A Case of Exploding Mangoes
Author: Mohammed Hanif
In the rest of the world, a country owns an army. In Pakistan, however, its Army own the country. In 1976, Prime Minister Bhutto elevated ul-Haq to a full general. One year later, he deposed Bhutto and declared martial law. Bhutto was hanged for treason.
Ul-Haq’s 11-year tenure as the Supremo saw him announce Pakistan as a nuclear nation, aided Afghanistan to fight the Soviets and secured himself as a prominent Islamist leader. In a way, he was instrumental in making Pakistan a theocratic country and the rise of global Islamic terrorism.
The crash was extensively investigated by many quarters, but nothing was conclusive. The possible theories range from aircraft failure, as the C-130 was notoriously famous for faulty equipment, to sabotage by Americans, Soviets, Mossad, the Pakistani Army, and even Bhutto’s dependents.
Mohamad Hanif, the author of this book and the head of BBC Urdu service, was consumed by the crash.
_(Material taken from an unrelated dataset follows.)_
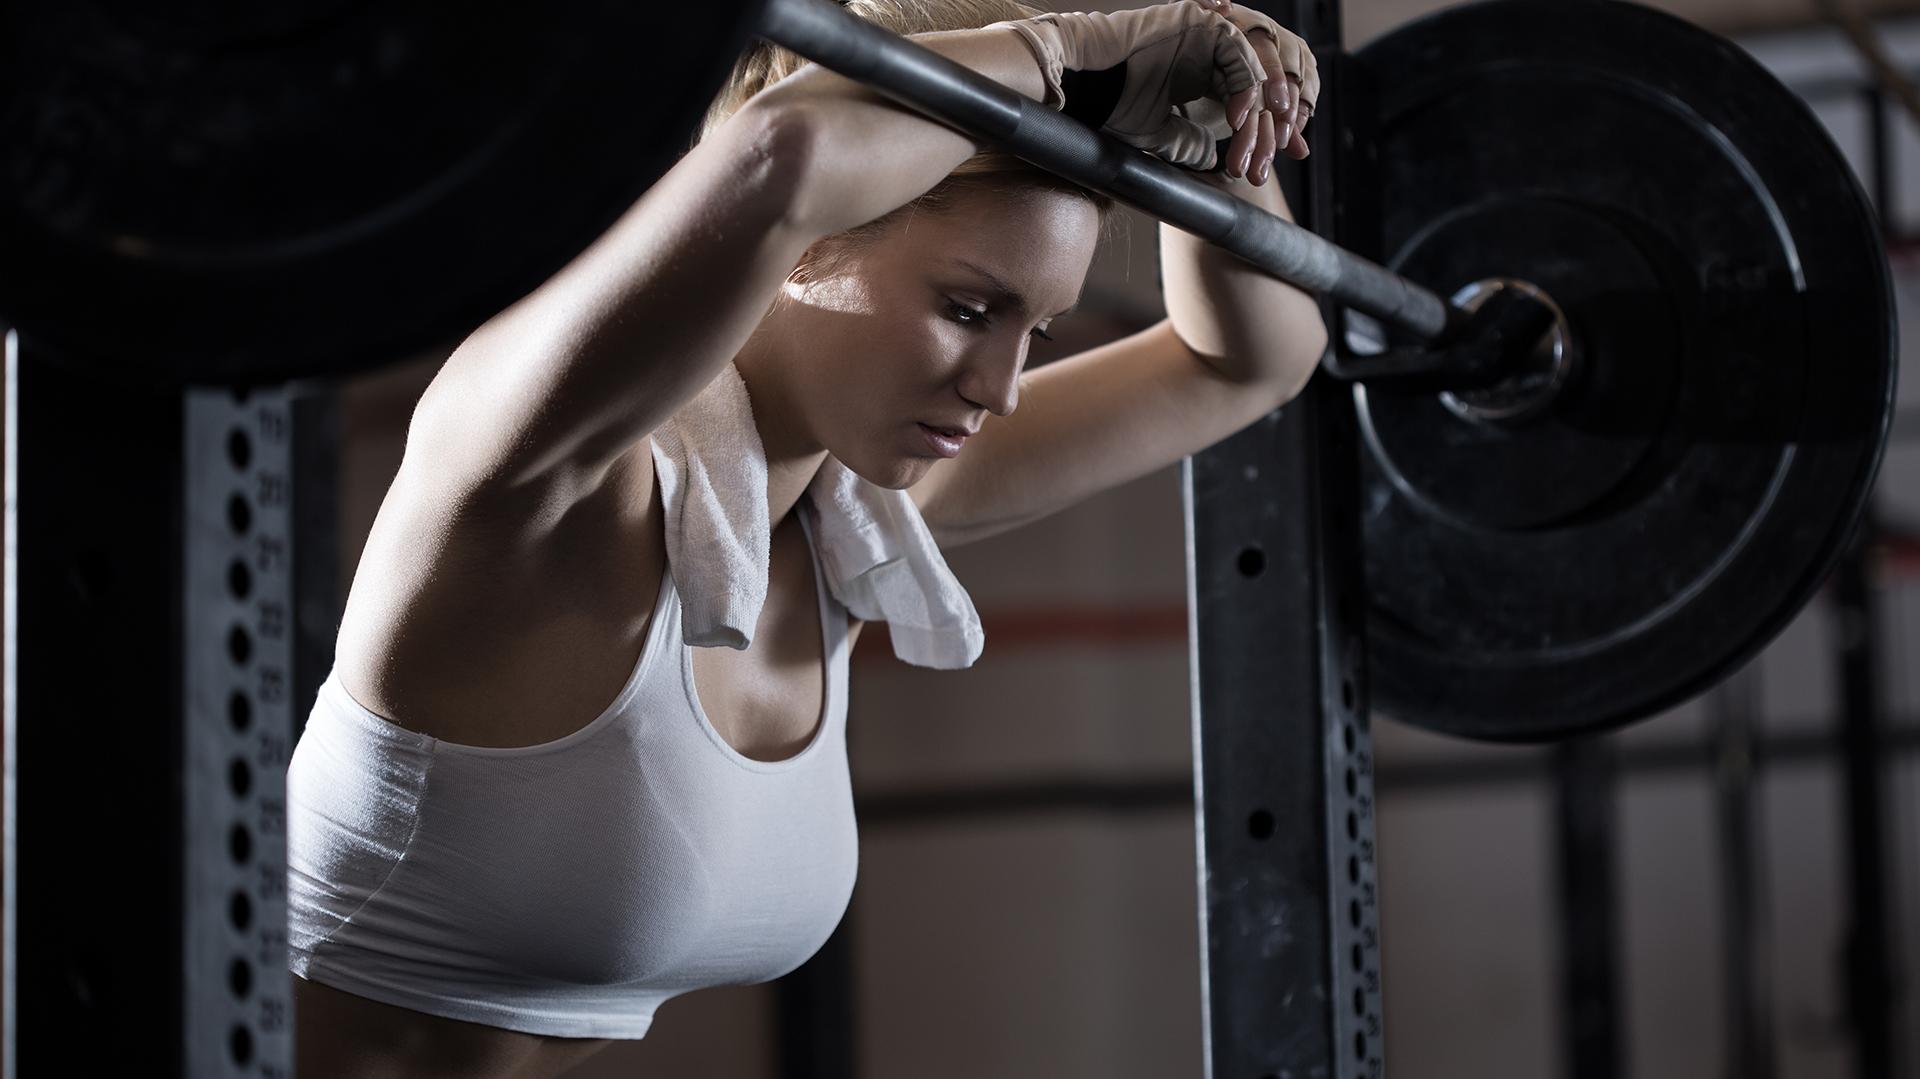 El sistema puede fallar y trás un ejercicio físico sufrir las consecuencias de una insolación (iStock)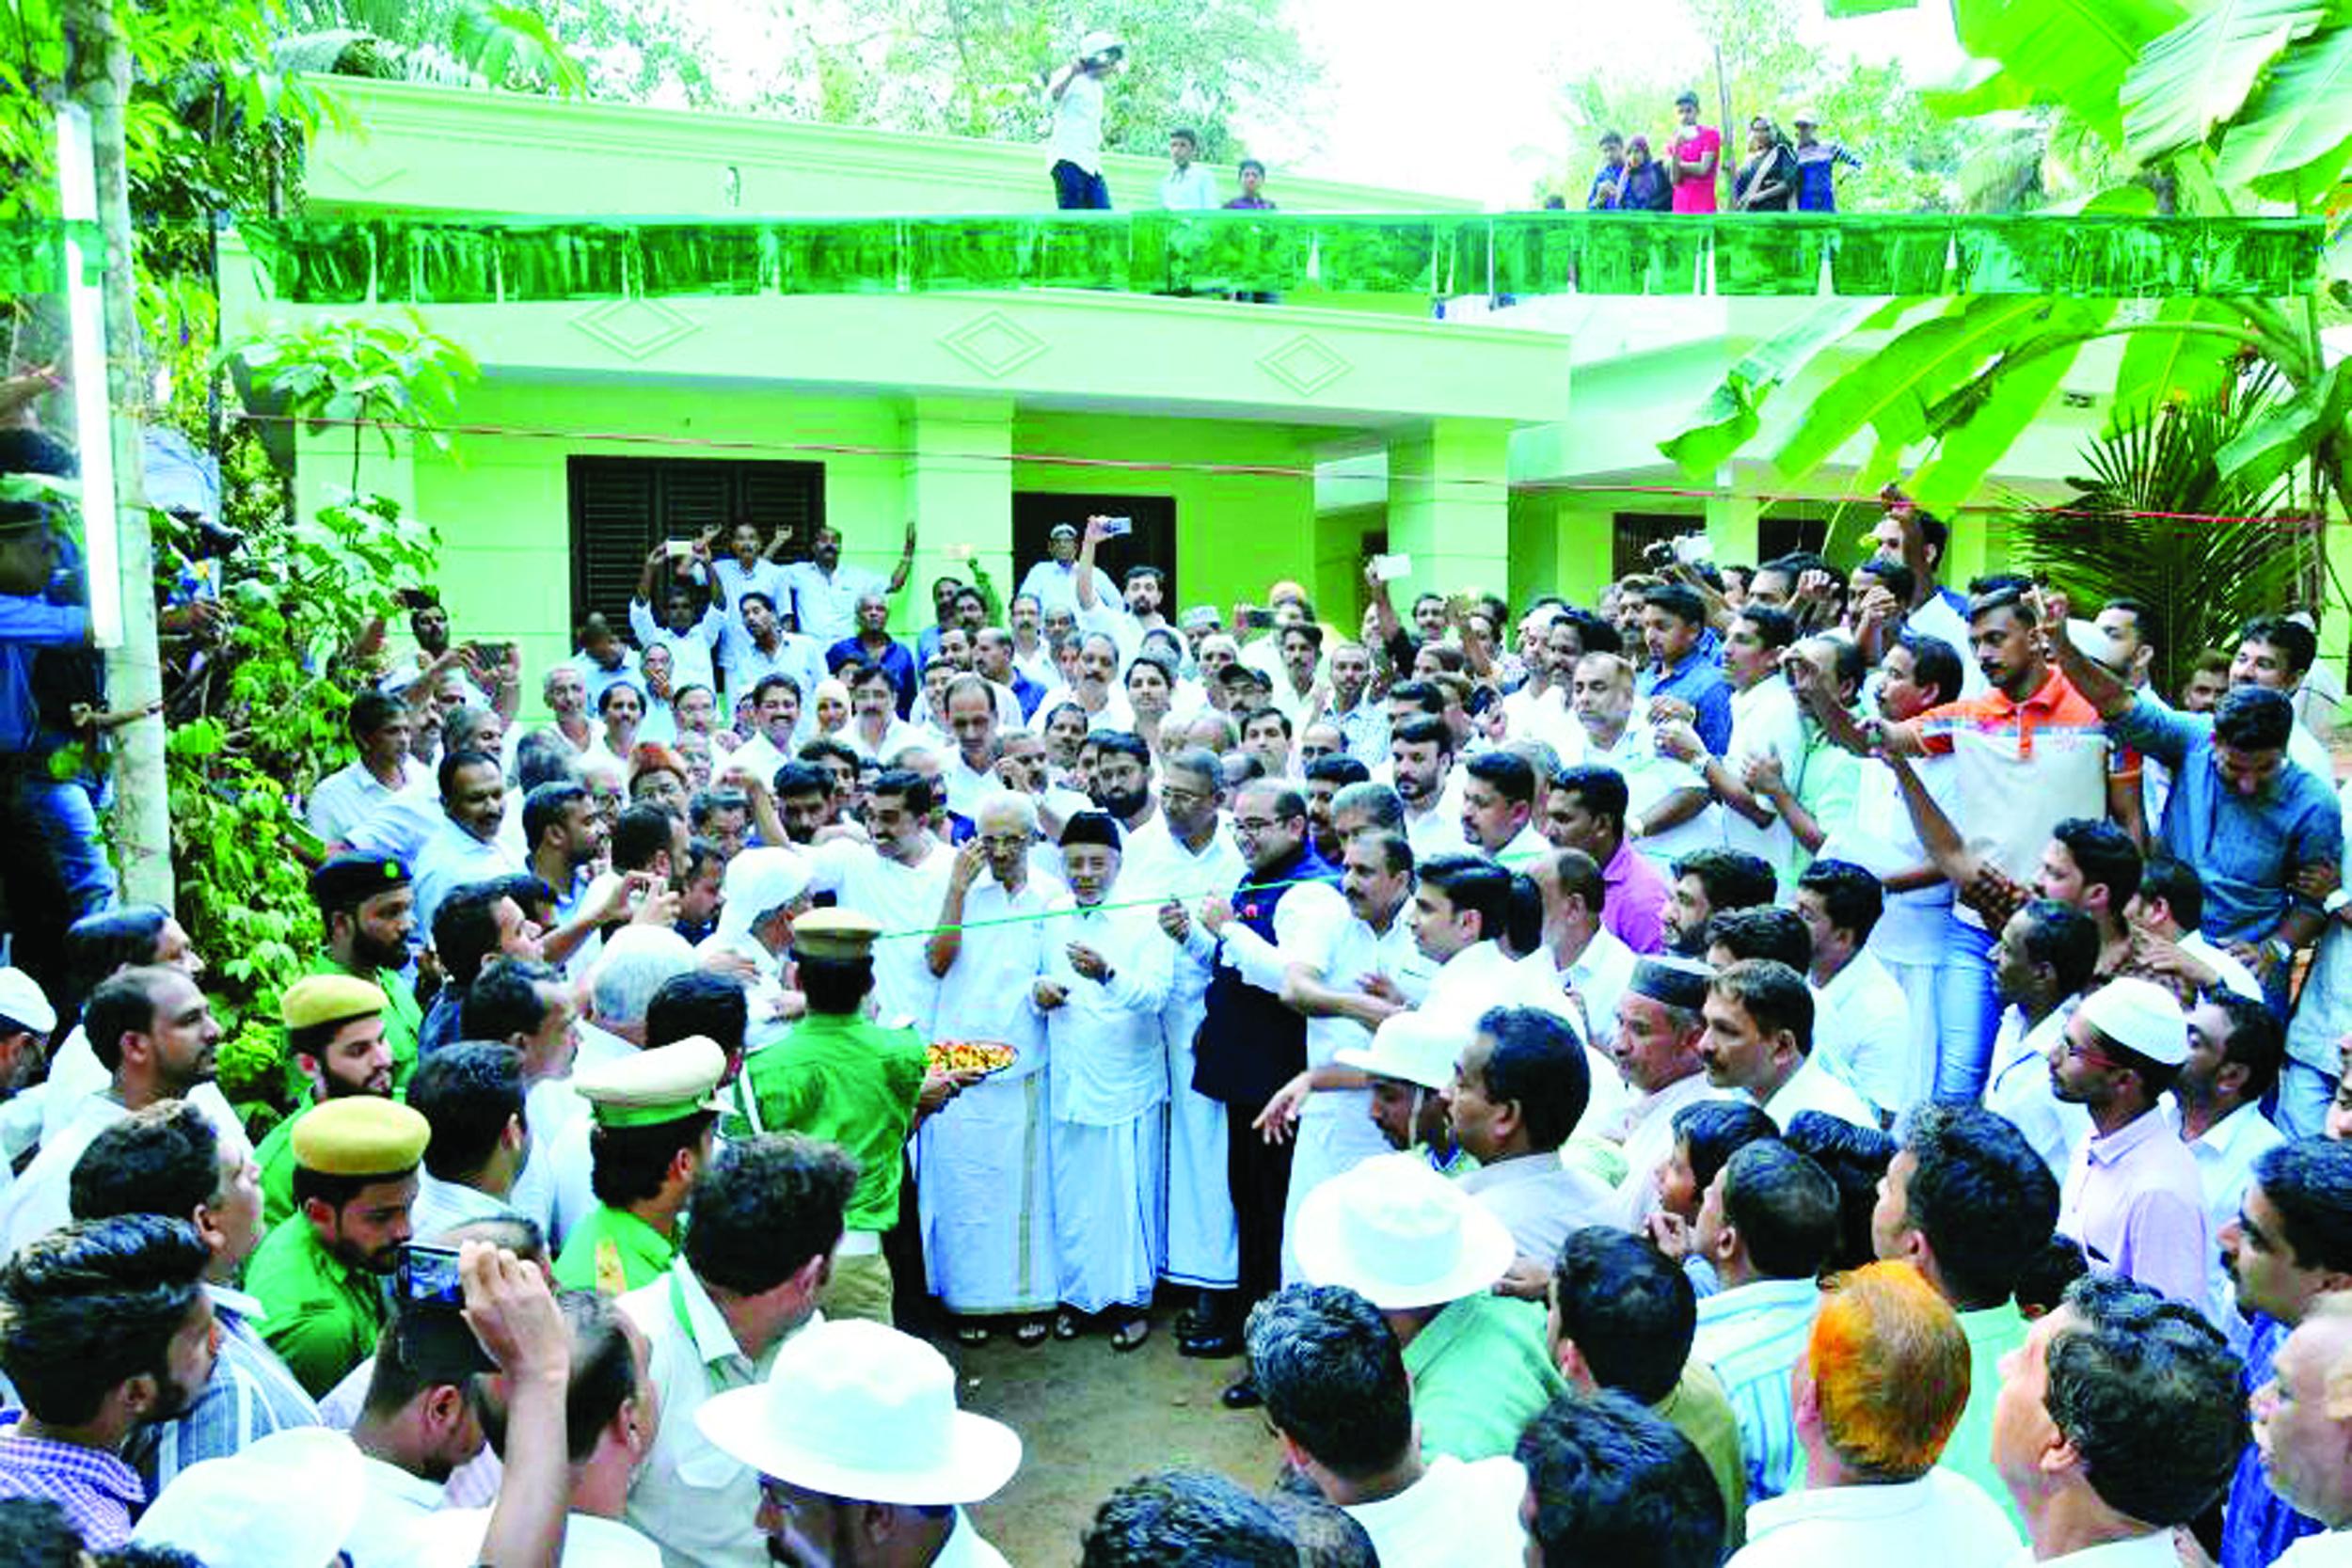 25 കുടുംബങ്ങള്ക്ക് അനുഗ്രഹമായി  ചേലക്കാട് ബൈത്തു റഹ്മ വില്ലേജ് സഫലമായി

The interviews he conducted did not reveal much. The aircraft did carry mangoes. A rope was found among the debris. Someone suggested the possibility of explosives in mango seeds and the usage of poisonous gas to incapacitate the pilots as the craft plunged head down suddenly.
In most countries, too, something so sombre, like the death of a leader, is not sneered upon. This rule may not apply to Pakistan. Because of the restriction of freedom of speech, Pakistanis have volumes of jokes about their leaders. Every other day, even its immediate neighbour finds pleasure in mocking Pakistan. So, it is not surprising to read the humorous narration of the moments before Zia-ul-Haq’s demise in this light-hearted satire.
Even though the exact cause of the crash is not explained and the real perpetrators of the accident are not told, it seems like everyone had a burning desire to see the President die - the Pakistani Army, a Trade Union leader, the curse of the imprisoned blind gang-rape victim or a disgruntled soldier whose father was killed by Zia. A crow, possibly intoxicated by the nectar of the sweet Pakistani mango, may have a hand in it, too. The aircraft also carried such a heavy load of mangoes, so aromatic that it filled the whole vessel that the air conditioning need not be switched on. VX gas filled the machine when it was switched on later, and we know what happened next.
(Dedicated to RK, a Pakistani-Hindu from the Sindh Province, who paints a rather rosy image of his Motherland contrary to the perception of the rest of the world.)